Super is currently paid quarterly, meaning there’s plenty of opportunities for payments to slip through the cracks – sometimes deliberately. That adds up to a loss of almost $6 billion, according to Mr Dean.
“One in three workers [is] seeing on their payslip an amount that is suggested is making it to their super account, but it’s not,” Mr Dean told the standing committee on economics on Friday.
Mr Dean suggested that Australian workers should instead be paid super on payday to ensure the payments are being made regularly, calling the idea “a no-brainer”.
“The community [gets] it. They see this as a work entitlement. And we’ve seen what’s happened in recent weeks and months to those companies that have inadvertently or by design underpaid wages.”

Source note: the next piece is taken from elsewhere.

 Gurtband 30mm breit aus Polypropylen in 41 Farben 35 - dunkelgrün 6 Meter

Unpaid super hurts not just employees, but employers who do obey the law.
“It’s a terribly uneven playing field out there for employers that are paying super on time and in accordance with the law. Those that aren’t are gaining an inside run to winning contracts and to getting their costs down,” he said.
While the Recovering Unpaid Superannuation Bill is now before the senate, Mr Dean says it tackles the problem “from the wrong end” by offering amnesties to people who come forward about not paying super.

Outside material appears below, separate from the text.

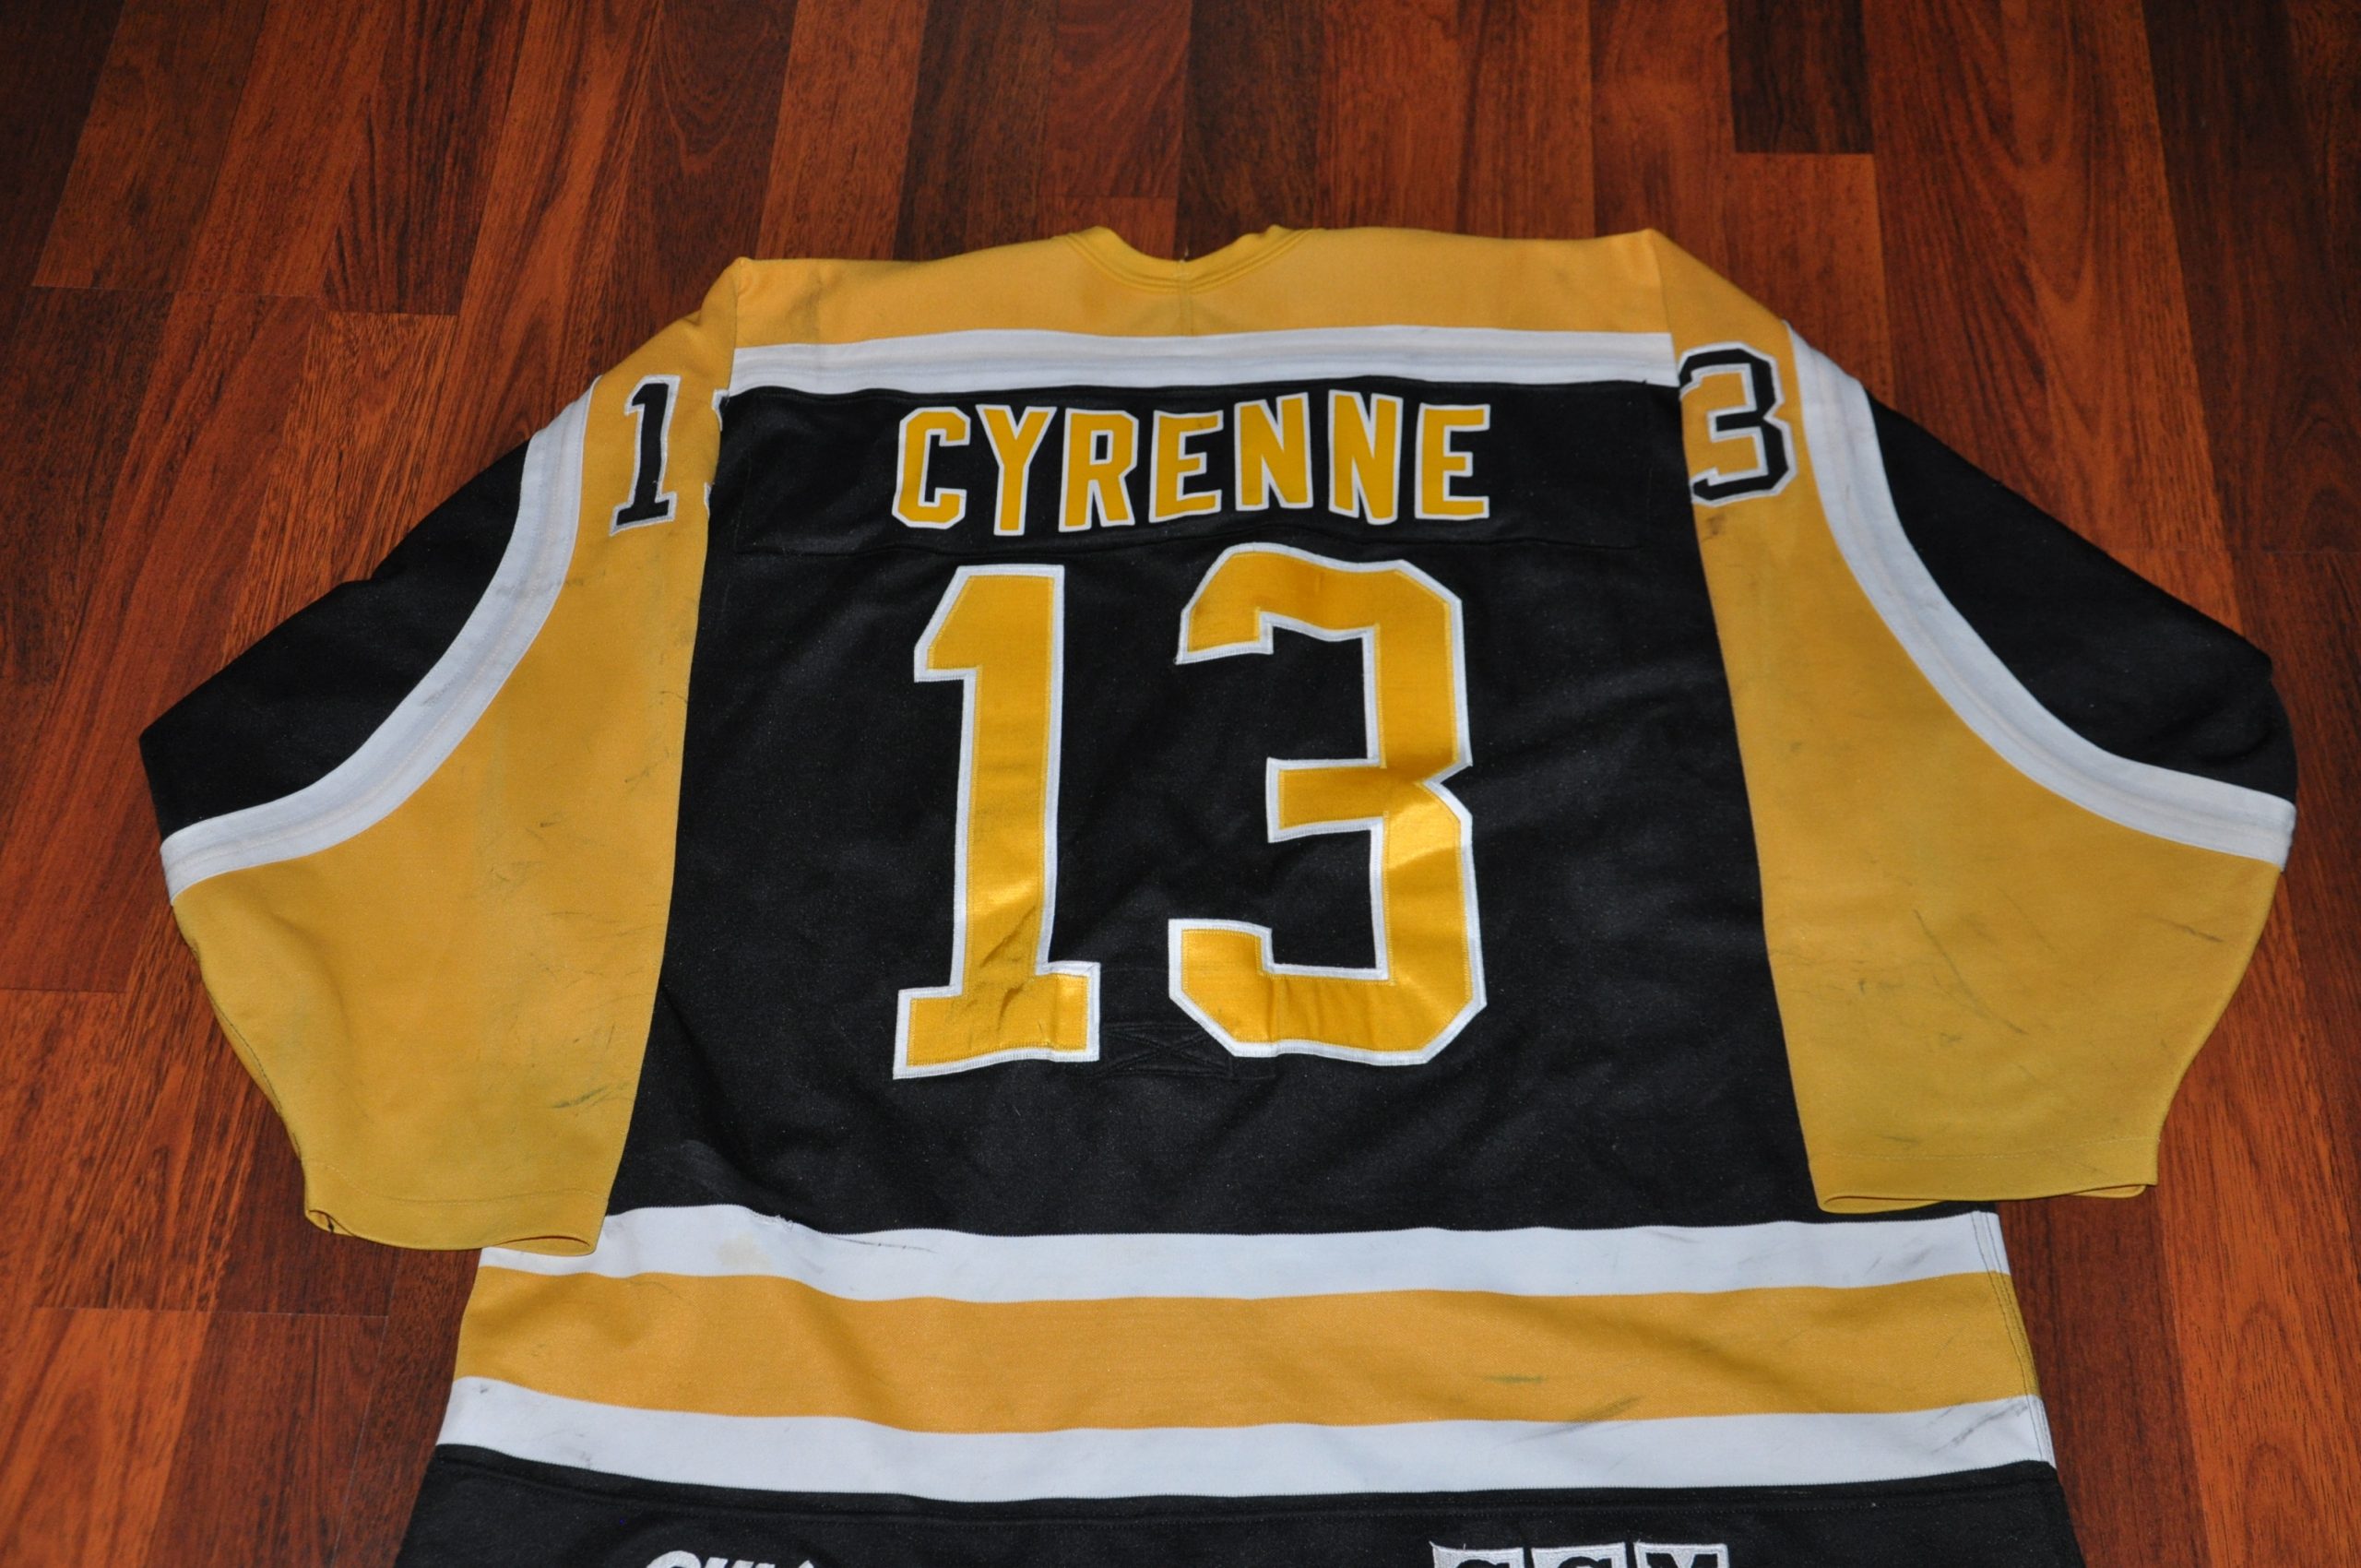 Brandon Wheat Kings Cory Cyrenne #13 – Hockey Jersey

“If you know a third of the national workforce is missing out on superannuation through those employers, either inadvertently or by design… Would your first thought be to give them a free pass from a penalty?” he said
Mr Dean says that advances in financial technology should make the process of implementing a super-on-payday scheme easier.
“With the increased technology and e-commerce ecosystem, you really have to ask yourself whether an employer would have to actually go out of their way not to pay super on payday,” he said.